I'm trying to inner join DataFrame A to DataFrame B and am running into an error.
Here's my join statement:
merged = DataFrameA.join(DataFrameB, on=['Code','Date'])
And here's the error:
ValueError: len(left_on) must equal the number of levels in the index of "right"
I'm not sure the column order matters (they aren't truly "ordered" are they?), but just in case, the DataFrames are organized like this:
DataFrameA: Code, Date, ColA, ColB, ColC, ..., ColG, ColH (shape: 80514, 8 - no index)
DataFrameB: Date, Code, Col1, Col2, Col3, ..., Col15, Col16 (shape: 859, 16 - no index)
Do I need to correct my join statement? Or is there another, better way to get the intersection (or inner join) of these two DataFrames?
use merge
if you are not joining on the index:
merged = pd.merge(DataFrameA,DataFrameB, on=['Code','Date'])

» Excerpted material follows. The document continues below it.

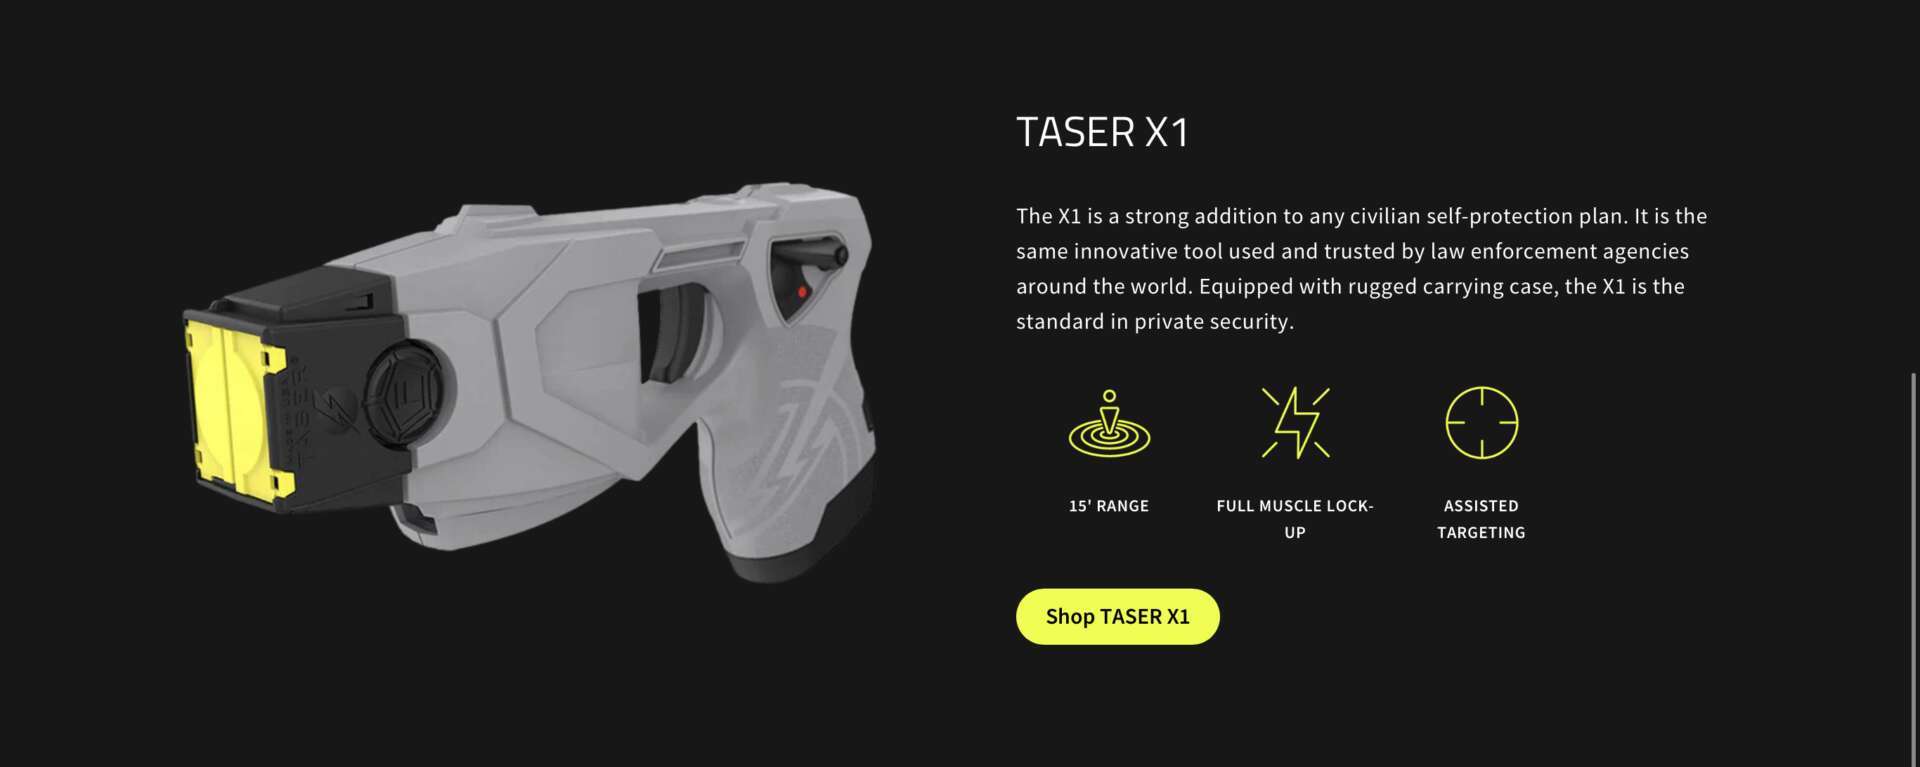 TASER X1 Professional Series

Follow up to question below:
Here is a reproducible example:
import pandas as pd
# create some timestamps for date column
i = pd.to_datetime(pd.date_range('20140601',periods=2))

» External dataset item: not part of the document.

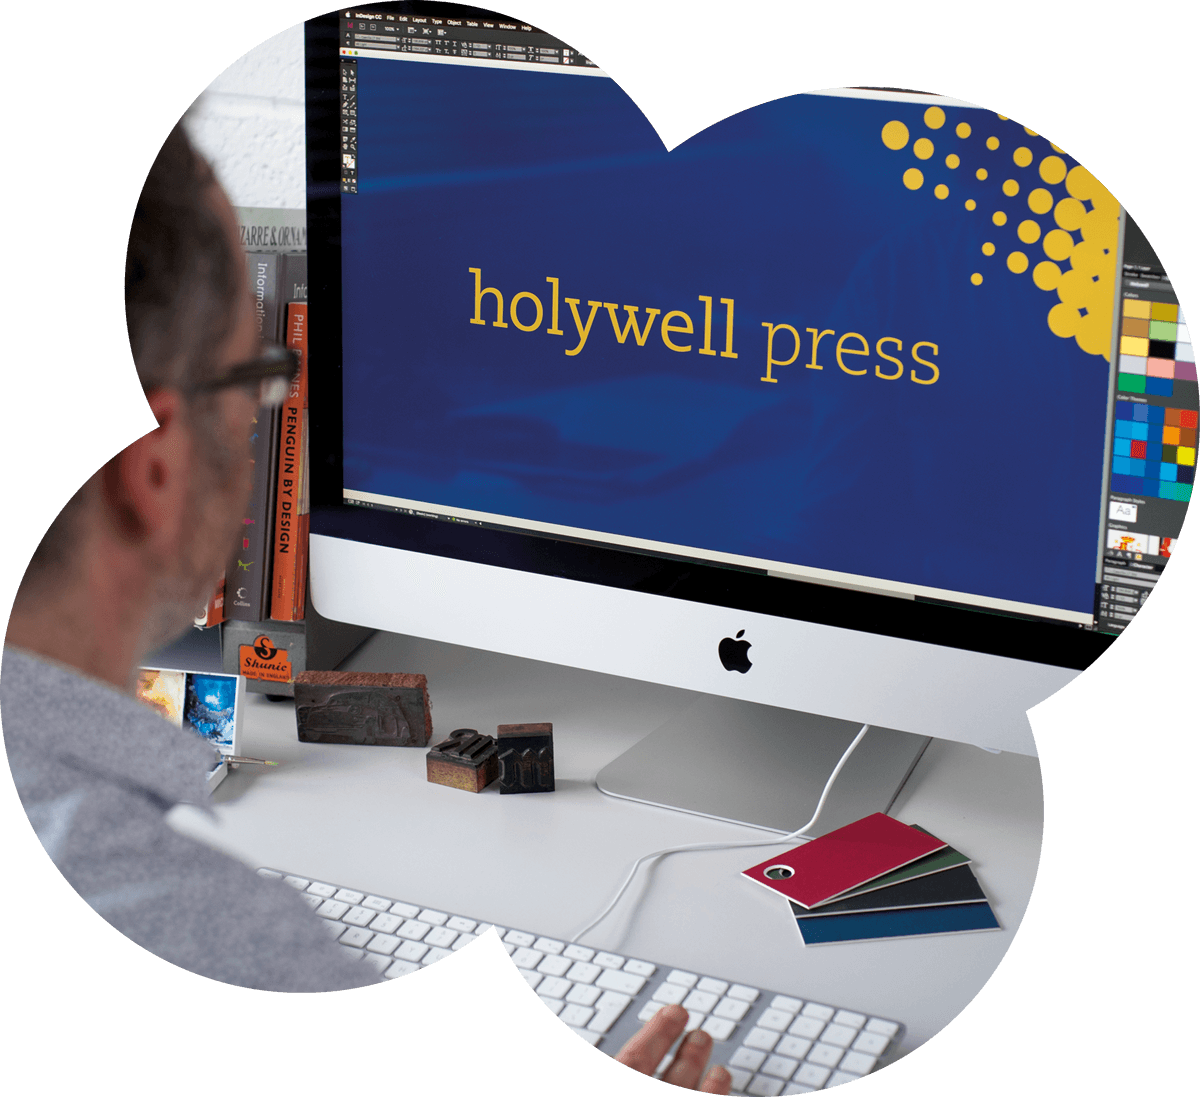 Holywell Press today

#create two dataframes to merge
df = pd.DataFrame({'code': ['ABC','EFG'], 'date':i,'col1': [10,100]})
df2 = pd.DataFrame({'code': ['ABC','EFG'], 'date':i,'col2': [10,200]})
#merge on columns (default join is inner)
pd.merge(df, df2, on =['code','date'])
This results is:
code col1 date col2
0 ABC 10 2014-06-01 10
1 EFG 100 2014-06-02 200
What happens when you run this code?